Getting the picture

A surveillance system based on artificial intelligence promises to give clear, unequivocal pictures of those caught on CCTV committing crimes. The system, developed at the University of Portsmouth, improves CCTV image quality by ‘selectively’ enhancing sequences of video footage.

CCTV images seen on television often appear fuzzy or blurred because they are captured on video. ‘Take a CCTV camera that costs £20,000,’ said Dr David Brown from the university’s Institute of Industrial Research. ‘It has excellent optical lenses but once the image goes to video the tape can stretch or it ages and is nowhere near the quality you need.’

When prosecutors present CCTV footage in court they are usually working off a small number of images that mitigate against the defendant or defendants. These single frames are found in the miles of tape police have at their disposal.

The images are usually of poor quality and have to be enhanced using interpolation, a mathematical method of creating missing data. An image can be increased from 100 to 200 pixels through interpolation. While there are many methods of interpolation — one simple way is to generate a new pixel by using the average of the value of the two pixels on either side of the one to be created.

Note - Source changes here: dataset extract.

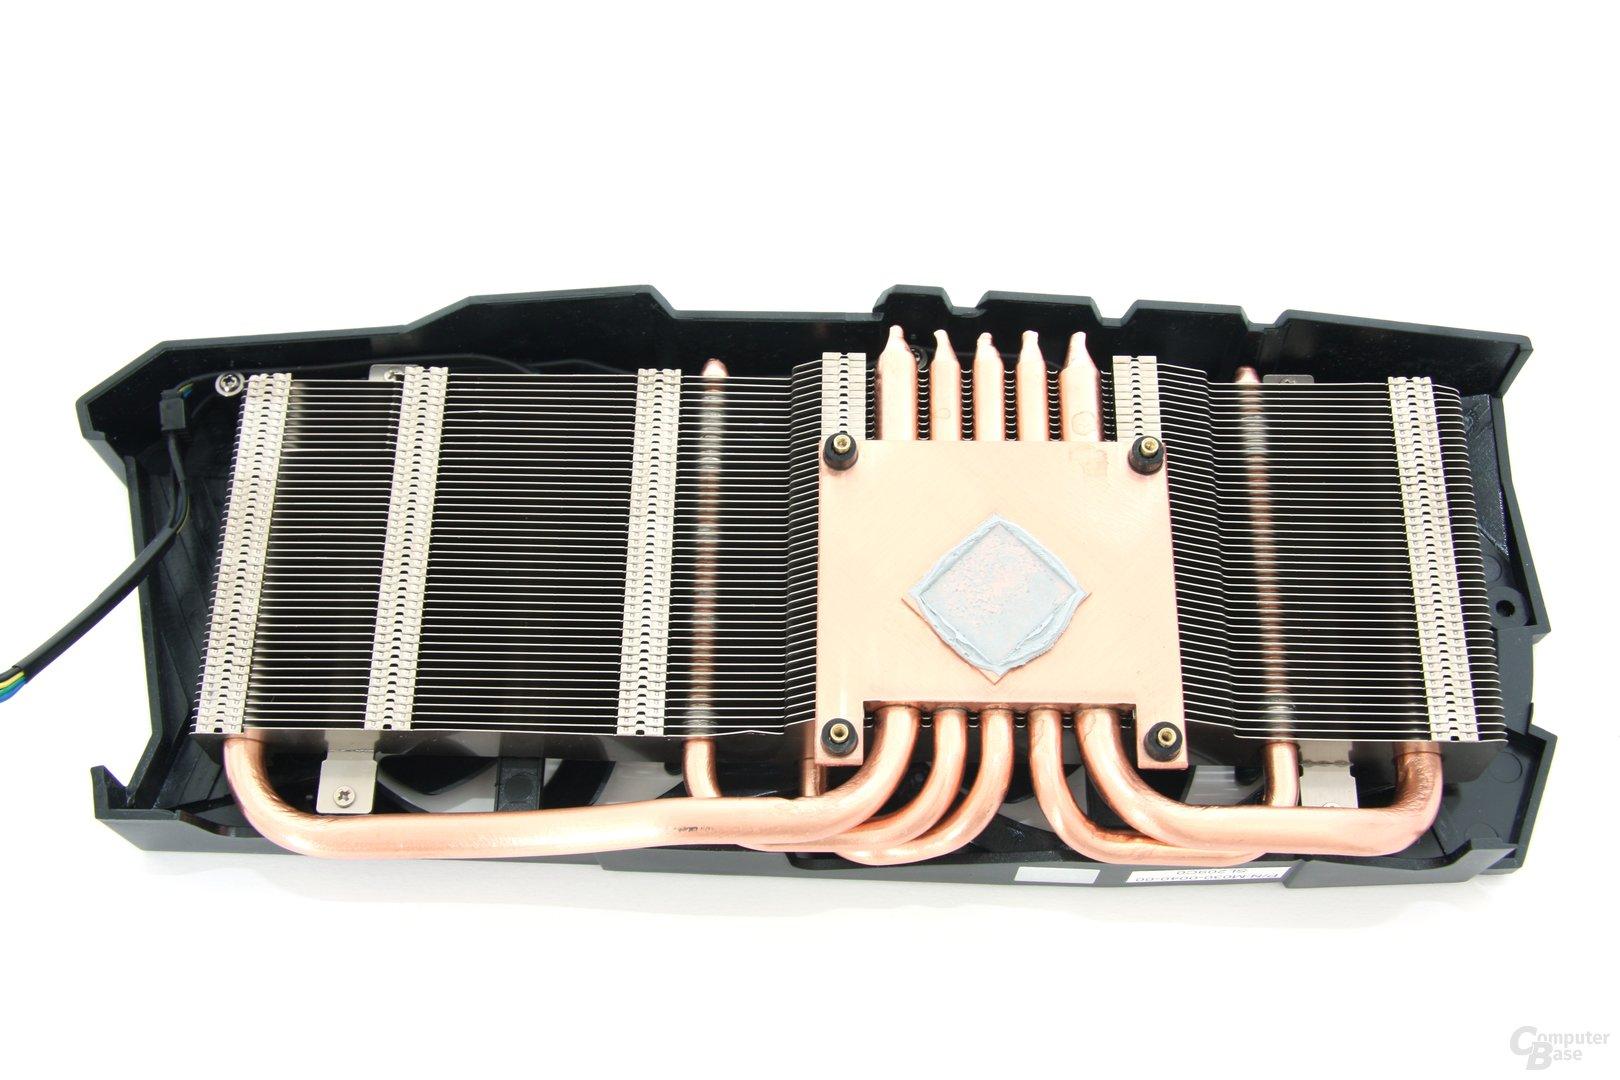 Radeon HD 7970 OC Kühlerrückseite

‘So what happens is you enlarge an image and it goes “blocky” because it is guessing where the pixels are and they are often not there at all. You can’t go to a court with a picture like that,’ said Brown.

One solution is to store the video at higher quality, but this requires more storage capacity and is costly.

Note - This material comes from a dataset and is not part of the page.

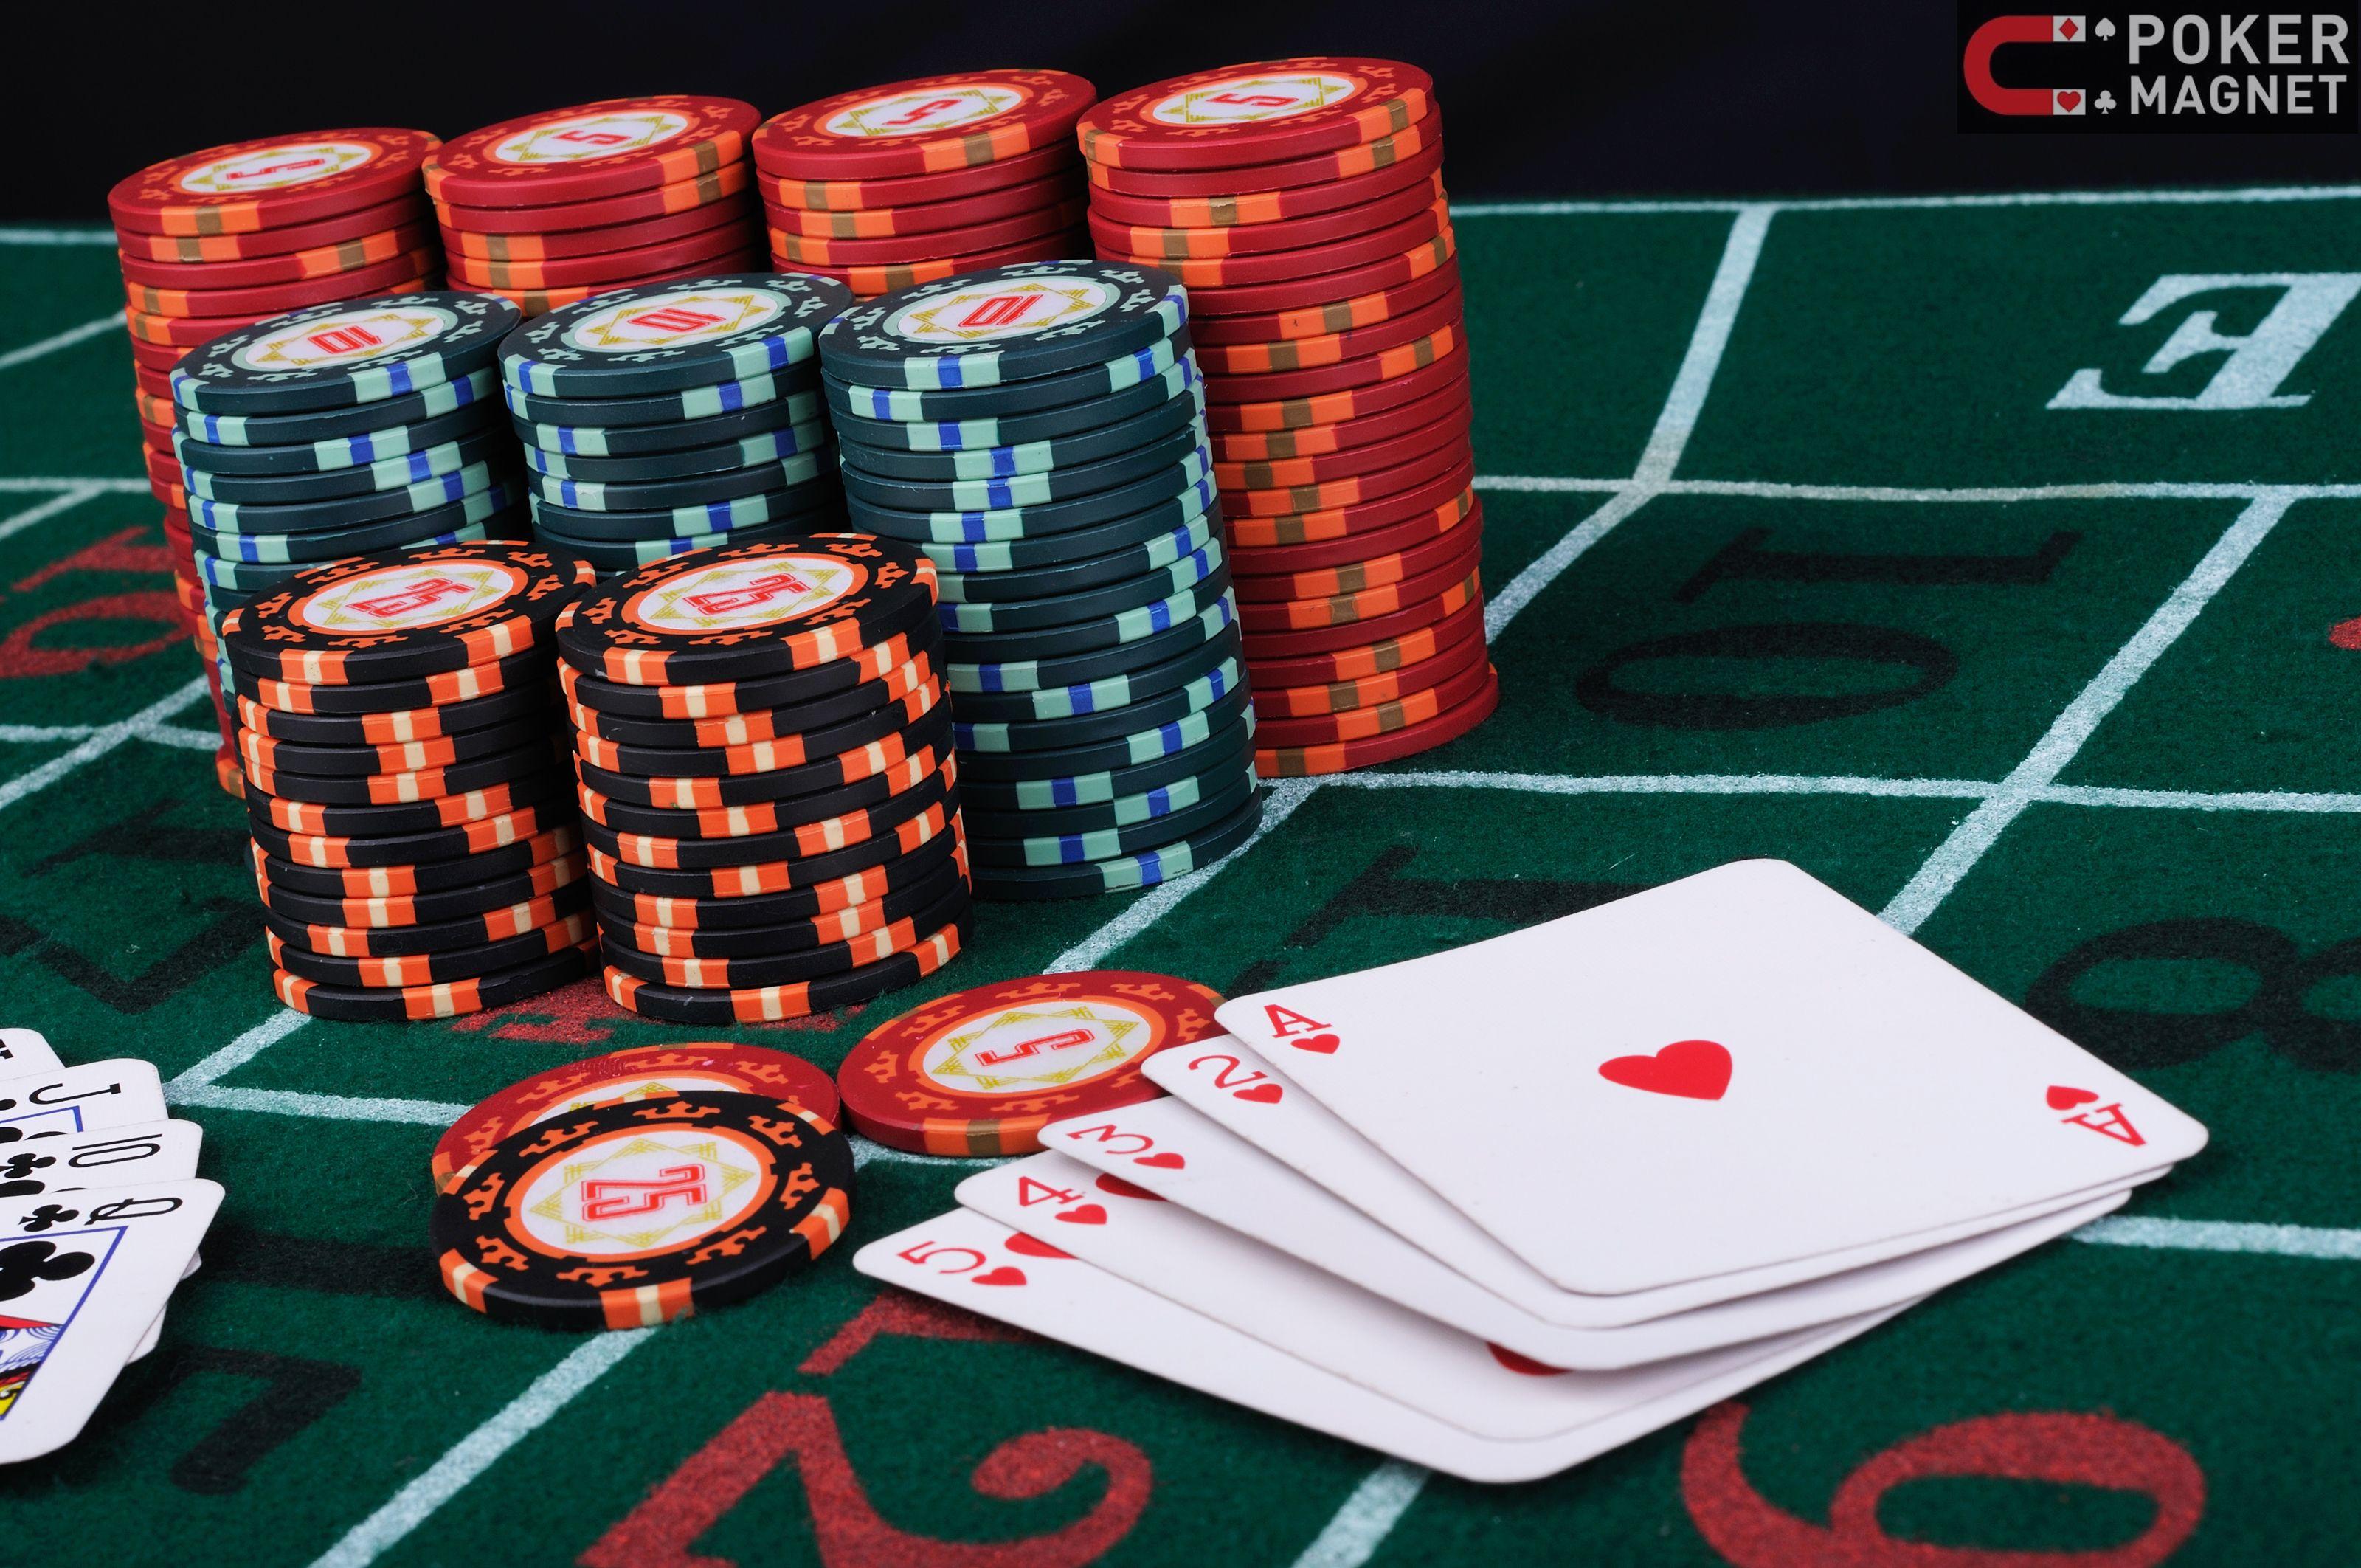 Download free poker software app at gambling humor gambling

Lewis Hibell, a PhD student at the university, has devised a method of selective enhancement to reconstruct the original image. This can be achieved by exploiting the fact that different frames of video contain slightly different pieces of data.

Multiple frames are taken from video footage, all of which are different due to the subject moving slightly or the light source changing. Areas of interest in the picture are then identified and separated from the remainder of the video. These areas are used to generate a single stationary clear image of the subject from the video source.

‘This is all about selective enhancement,’ said Brown. ‘We put what we want to see in a box and enhance only what is in the box. Take a person walking down the street: we remove them from the scene, enhance them and place them back into the scene. You can then subdivide the picture and do further enhancement, say to a person’s arm.’

Hibell pointed out that there are already algorithms that can enhance a poor-quality picture, but they tend to be applied to single images and not a sequence. the newly developed system presents good-quality images in a series of frames.

The artificial intelligence/machine-learning aspect of the research is the neural network being used. ‘This is a new neural network I have created known as a Self-Delaying Dynamic Network (SDN). The use of a neural network means that we do not have to specify the way in which pixels or pieces of the image are combined or chosen,’ said Hibell.

He added: ‘The network is shown examples of the problem and examples of answers to that problem. It then learns how to perform the processes required to produce the answer.

‘The use of a neural network makes the system very robust and capable of working on very noisy data. It is this adaptability that will allow the network to cope with different levels of motion between frames and other standard issues for image processing techniques such as lighting level and blur.’

Hibell said it should be possible for a trained network to be written on to a chip, which could then be used at almost any stage in a CCTV system. ‘They could be placed in cameras, but that would then mean having to modify them. The ideal place would be back at the control room,’ added Hibell.

‘The existing camera systems could then remain the same. A device containing the network chip could be fed with frames direct from a camera source or from existing storage/processing equipment in the control room.’

In future the network chip could be embedded directly into the camera operators’ console to allow them to enhance a section they are viewing just by pressing a button or clicking on an icon.

Jason Ford